● Instructions for the task: Would you please repeat the lines in the listing below from the one containing "Det er aldri" through the final one, exactly as they appear?

****************

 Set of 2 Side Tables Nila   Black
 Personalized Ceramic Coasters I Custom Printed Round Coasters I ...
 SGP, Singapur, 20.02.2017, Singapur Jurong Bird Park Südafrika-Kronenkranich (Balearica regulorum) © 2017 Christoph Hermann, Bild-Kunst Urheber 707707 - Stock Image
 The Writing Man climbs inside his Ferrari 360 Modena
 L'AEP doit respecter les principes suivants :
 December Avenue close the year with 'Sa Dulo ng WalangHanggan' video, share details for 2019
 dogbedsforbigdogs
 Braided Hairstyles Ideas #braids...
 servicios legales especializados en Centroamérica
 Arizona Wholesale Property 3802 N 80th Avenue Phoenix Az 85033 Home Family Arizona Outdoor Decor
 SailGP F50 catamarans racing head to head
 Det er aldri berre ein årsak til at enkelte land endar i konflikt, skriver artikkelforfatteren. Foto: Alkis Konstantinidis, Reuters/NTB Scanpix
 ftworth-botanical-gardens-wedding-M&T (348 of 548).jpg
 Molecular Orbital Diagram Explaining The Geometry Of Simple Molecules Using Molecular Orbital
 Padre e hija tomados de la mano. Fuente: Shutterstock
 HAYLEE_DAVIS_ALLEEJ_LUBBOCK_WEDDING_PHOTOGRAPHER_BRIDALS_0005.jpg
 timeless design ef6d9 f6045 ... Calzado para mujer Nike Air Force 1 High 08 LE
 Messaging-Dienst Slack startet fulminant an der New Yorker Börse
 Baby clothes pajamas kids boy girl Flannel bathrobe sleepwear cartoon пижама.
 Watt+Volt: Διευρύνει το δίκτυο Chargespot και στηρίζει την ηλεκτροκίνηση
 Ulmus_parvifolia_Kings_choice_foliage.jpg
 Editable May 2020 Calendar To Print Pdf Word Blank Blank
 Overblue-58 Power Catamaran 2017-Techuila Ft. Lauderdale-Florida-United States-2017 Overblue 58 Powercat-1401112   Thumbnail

****************

● Solution for this exercise:
 Det er aldri berre ein årsak til at enkelte land endar i konflikt, skriver artikkelforfatteren. Foto: Alkis Konstantinidis, Reuters/NTB Scanpix
 ftworth-botanical-gardens-wedding-M&T (348 of 548).jpg
 Molecular Orbital Diagram Explaining The Geometry Of Simple Molecules Using Molecular Orbital
 Padre e hija tomados de la mano. Fuente: Shutterstock
 HAYLEE_DAVIS_ALLEEJ_LUBBOCK_WEDDING_PHOTOGRAPHER_BRIDALS_0005.jpg
 timeless design ef6d9 f6045 ... Calzado para mujer Nike Air Force 1 High 08 LE
 Messaging-Dienst Slack startet fulminant an der New Yorker Börse
 Baby clothes pajamas kids boy girl Flannel bathrobe sleepwear cartoon пижама.
 Watt+Volt: Διευρύνει το δίκτυο Chargespot και στηρίζει την ηλεκτροκίνηση
 Ulmus_parvifolia_Kings_choice_foliage.jpg
 Editable May 2020 Calendar To Print Pdf Word Blank Blank
 Overblue-58 Power Catamaran 2017-Techuila Ft. Lauderdale-Florida-United States-2017 Overblue 58 Powercat-1401112   Thumbnail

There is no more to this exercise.